Nick Herwig wird nervös. „Ich habe doch gesagt, dass BP es herausfindet", sagt er in Richtung Lina Olssen. Doch die lächelt nur. „Sie wissen, dass wir LifeScience studieren, genauer gesagt den Schwerpunkt synthetische Biologie", erklärt Lina. Was sie dann erzählt, kann Chris Janneck kaum fassen. Die beiden Studenten haben die Cannabis-Bakterien als Studienobjekt mitgenommen und aus Neugierde an der Uni die DNA analysiert. Das war einfach, denn Gen-Analysen bilden an der Uni einen festen Bestandteil der Ausbildung.

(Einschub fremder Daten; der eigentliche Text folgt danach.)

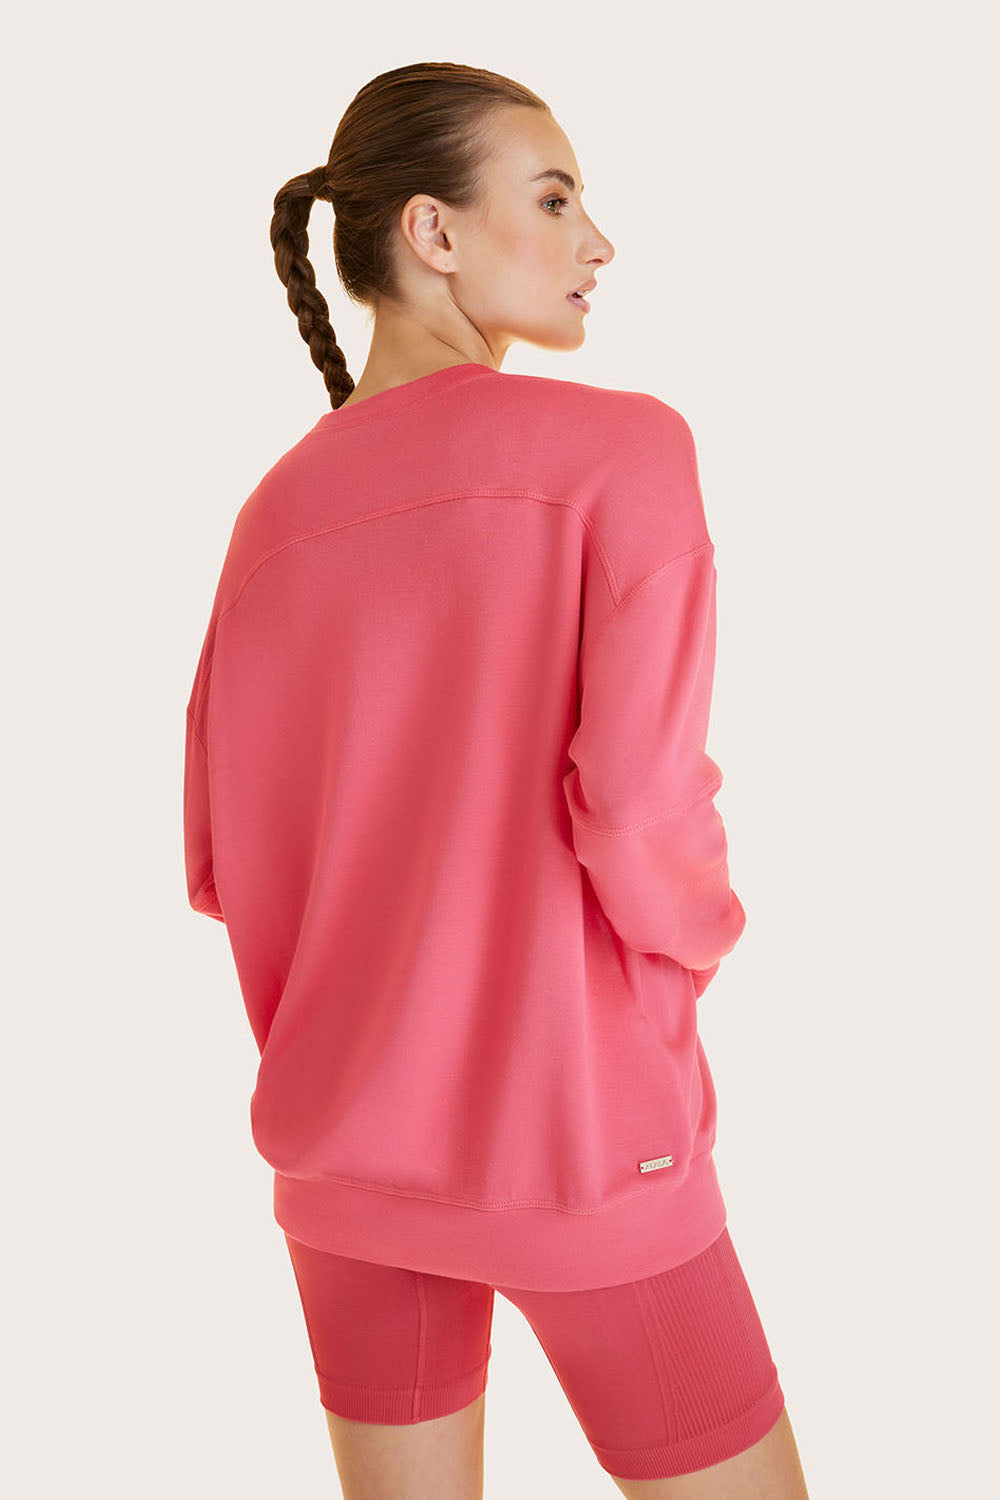 Alala women's Blocked Crewneck sweatshirt in pink
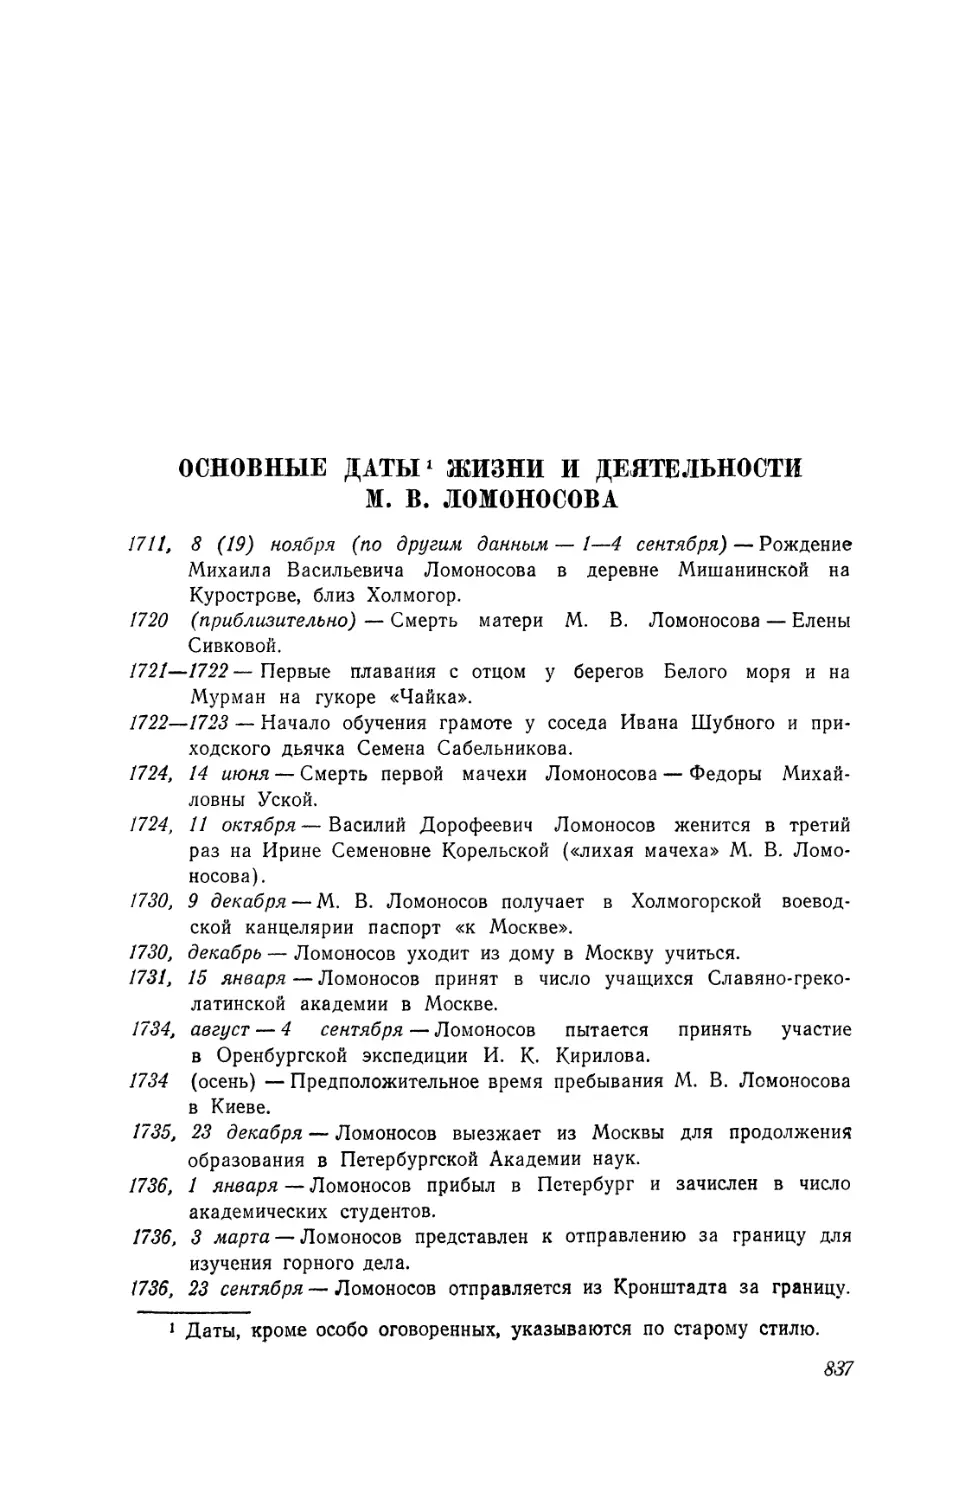 Основные даты жизни и деятельности М. В. Ломоносова

Dann haben sie das Genom mit anderen Varianten in den Datenbanken verglichen und nächtelang über die Unterschiede diskutiert. „Lina ist aufgefallen, dass zwei Gene in der Hefe nicht so stark aktiviert sind, wie es sinnvoll wäre", sagt Nick Herwig, „Es gibt Forschungsarbeiten aus Kanada, die ein ähnliches Problem behandeln und dort wurde das Design der DNA etwas verändert, sie haben sie verlängert." Nick holt seinen Laptop aus dem Rucksack und zeigt ein paar Skizzen, deren Inhalt Chris Janneck sofort versteht. Es ist nur eine einfache Änderung, aber die Auswirkungen sind vermutlich gravierend. Sie schafft mehr Platz für die großen Moleküle, die während der Produktion der Cannabinoide entstehen.

Janneck macht ein Foto der Skizze und tippt auf seinem Mobiltelefon auf das Profil des Geschäftsführers. „Hallo Peter, hier ist Chris", sagt er. „Hast Du die beiden Stellen in der Entwicklungsabteilung schon besetzt?", fragt er, „Sonst hätte ich dafür zwei sehr gute Kandidaten.. Ich schicke Dir mal ein Foto." Lina Olssen und Nick Herwig können Peters Antwort nicht verstehen. Chris Janneck wartet ein bisschen, dann sagt er nur: „Ja, die beiden können schon morgen anfangen. Den Rest regele ich mit ihnen."